# [Task prompt]
With both ends included, repeat exactly the lines of the entries below from the one containing "Grand Central Terminal" down to the one containing "Patrick Dempsey Happy", and no others.

# [Material to process]
⁂
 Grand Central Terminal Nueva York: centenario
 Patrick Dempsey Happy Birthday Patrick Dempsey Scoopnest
⁂
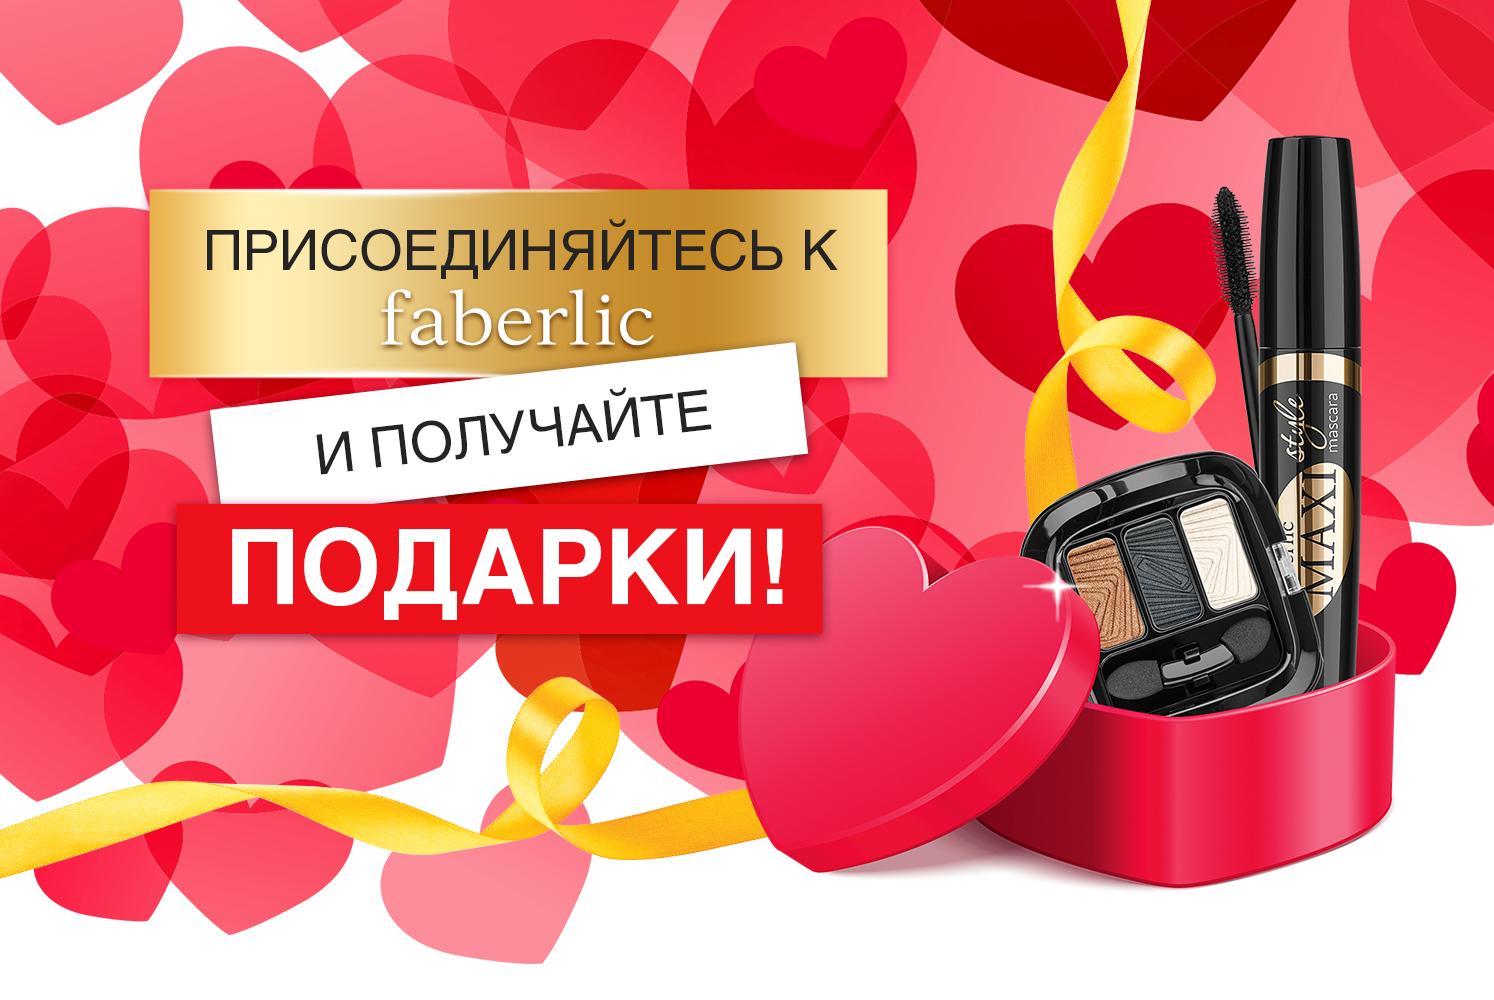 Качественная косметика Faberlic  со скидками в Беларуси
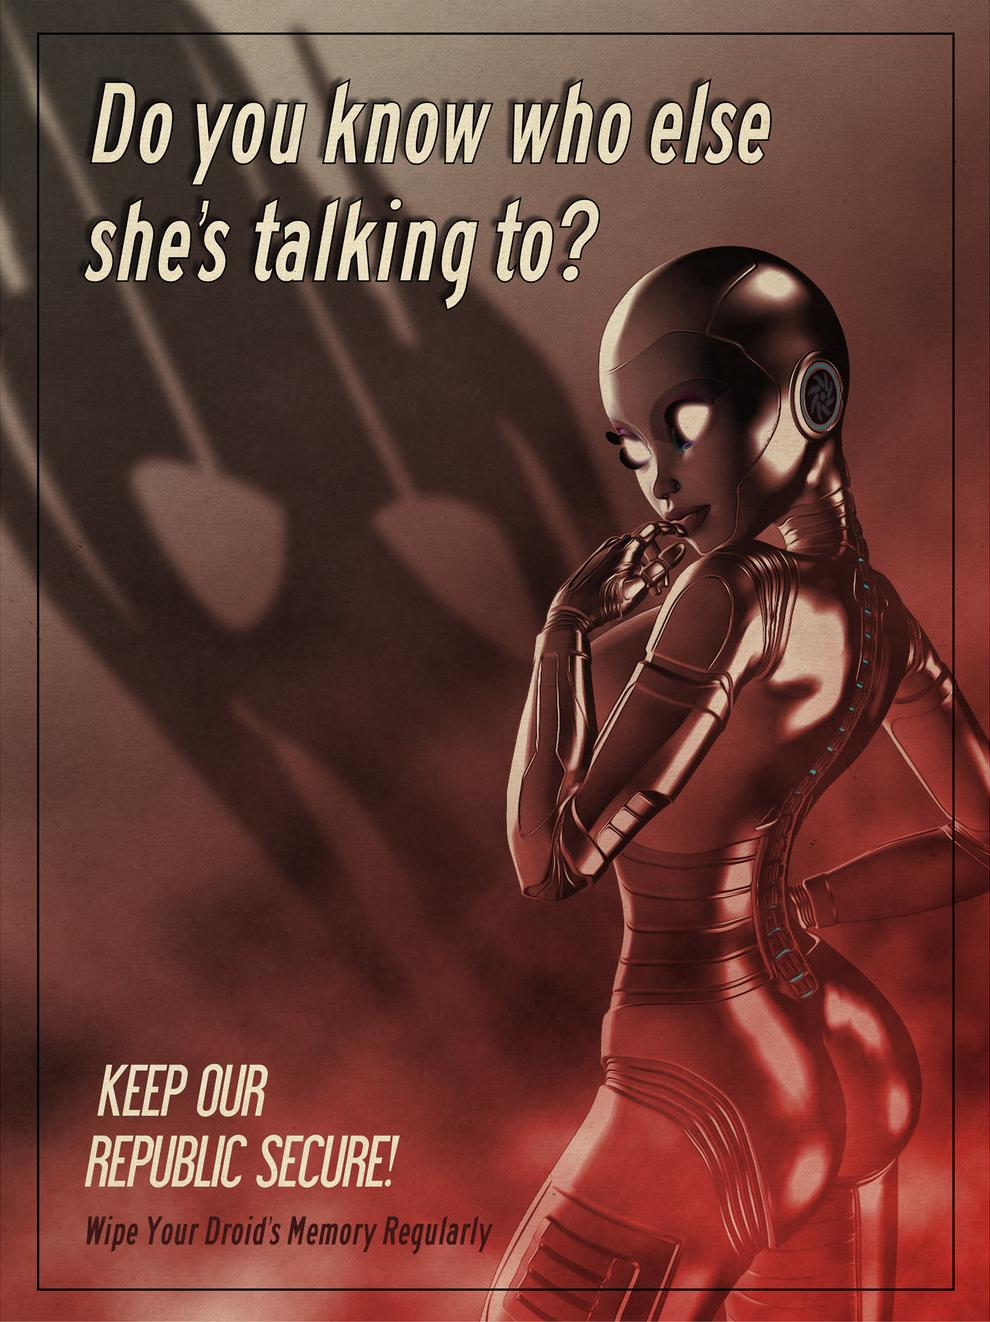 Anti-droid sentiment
⁂
# [Result]
 Grand Central Terminal Nueva York: centenario
 Patrick Dempsey Happy Birthday Patrick Dempsey Scoopnest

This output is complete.